Some situations are known to be true, based on a large amount of evidence. Yet there are those who choose not to believe the evidence and form their own conclusions. The fact that global warming is a result of human actions, for example.
Is trading iron condors gambling? I don't believe that there's room for two positions on that issue, but it requires a lengthy reply.
- All attempts to make money by buying something (or selling it short) and then selling it to someone else at a higher price, is gambling. After all, there's no guarantee of earning a profit (winning the gamble) and there's always a chance of taking a loss (losing the gamble). That seems to be a good definition of gambling.

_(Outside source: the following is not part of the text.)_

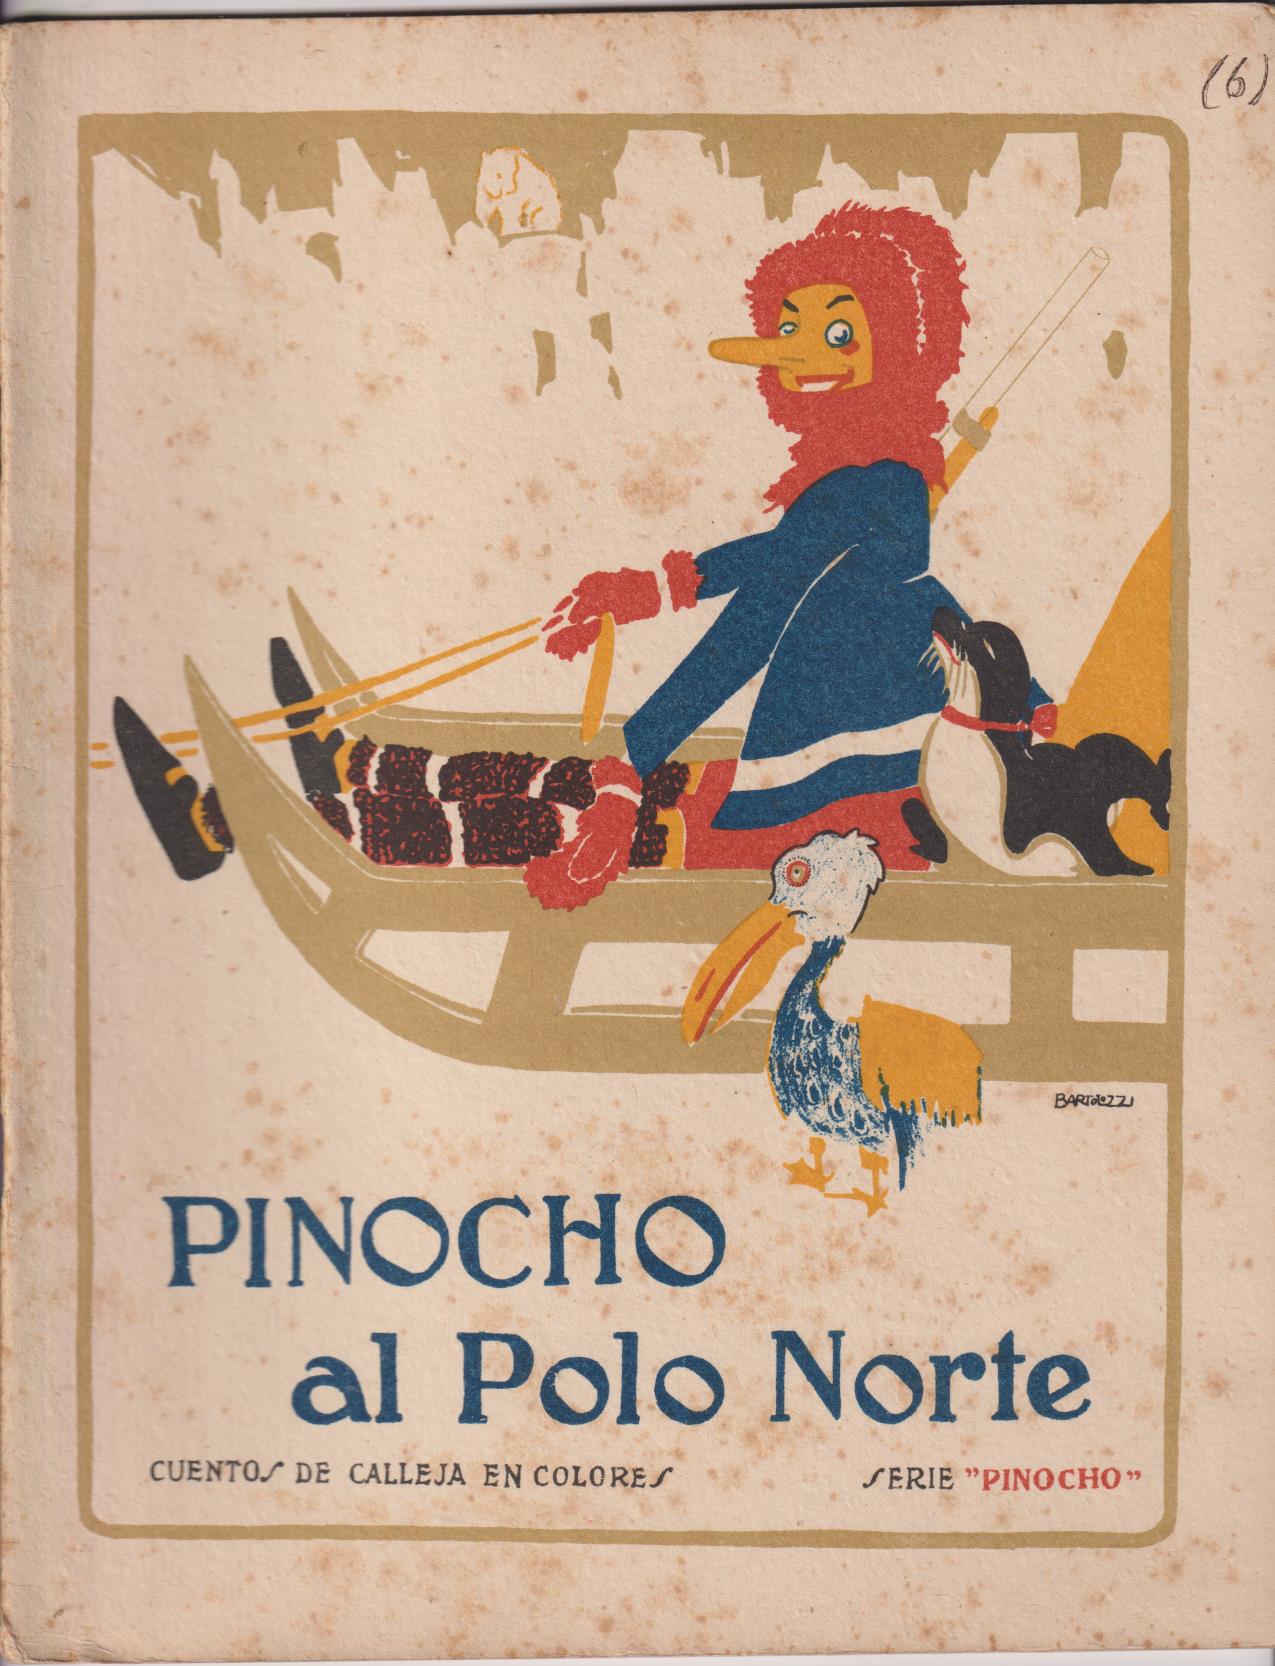 Pinocho nº 6. Pinocho al Polo Norte. 1ª Edición Calleja 1919. (28x22) 16 páginas MUY ESCASO

- If you buy a poker hand, a parimutuel ticket (horse racing), some real estate, art, stock or option, you are – by definition – gambling. Real estate agents charge enormous fees, auction houses charge fees to both the buyers and sellers, stock brokers charge smaller fees, while others (race tracks and casinos) take part of the pot. Those fees reduce the chances that you can win. But, despite the odds, we play.
- We invest. In fact, the prudent investor rule is a legal doctrine that guides investment managers, and one of its tenets is that the prudent investor should own a diversified stock portfolio. There's virtually no one who would suggest that it's right for the prudent investor to gamble, and investing in the stock market is accepted as an intelligent and necessary thing to do.
- Some gambles are simply bad bets – buying a lottery ticket for example.
- Here's a question for the trader who challenges your investing choices: Is it gambling to buy stocks? You say he is a broker for a large trading firm. I doubt he will tell you it's gambling to own stocks.
- If you own stocks, my opinion is that owning collars is a conservative, intelligent option strategy for investors who prefer to concentrate on preservation of capital, rather than on maximizing profit potential. Ask your broker buddy what he thinks of collars. If he has any understanding of collars, he will give that strategy a vote of confidence. If he doesn't, then there's not much you can say. You can try to learn why he disapproves of a conservative strategy that is as far away from gambling as an option trading individual investor can get.
- If he agrees that collars are a conservative play (and not gambling), then you've got him. The put credit spread (of which he disapproves) is a collar – i.e., it's equivalent to a collar and has the same risk and reward profile.
- Selling a put spread is part of an iron condor. The other part is selling a call spread, and that's equivalent to selling a collar. Thus, your so-called gambling trades are composed of buying and selling collars – one of the most conservative option strategies available. If your trader tries to tell you that collars are ok, but that iron condors are a gamble, then be prepared to wow him by whipping out pencil and paper and proving that an iron condor is just two collars (If you require help, post a request).
- And here's some news you can share with him: Not all professional traders trade volatility, and only volatility. That's a very risky business – in other words, it's gambling. The volatility swings of 2008 offer proof of just how right you must be when 'playing volatility' – or else you can get clobbered. I no longer have many ties with professional trading firms, but the two with whom I have ties trade neutral – all the time. And that means delta neutral, gamma neutral, theta neutral, and vega (the volatility component of an option's price) neutral. They do NOT get long or short volatility. That's just too much of a gamble.
Thus, if we ignore the fact that many of our activities are a gamble (walking across the street involves the risk of being hit by a bus or car), and that prudent investing represents an acceptable level of gambling, then any option strategy becomes more of a gamble when the trader ignores risk. Thus, my assertion that trading iron condors is not gambling is based on the assumption that the trader has good risk management skills.
P.S. Let me know how the conversation goes.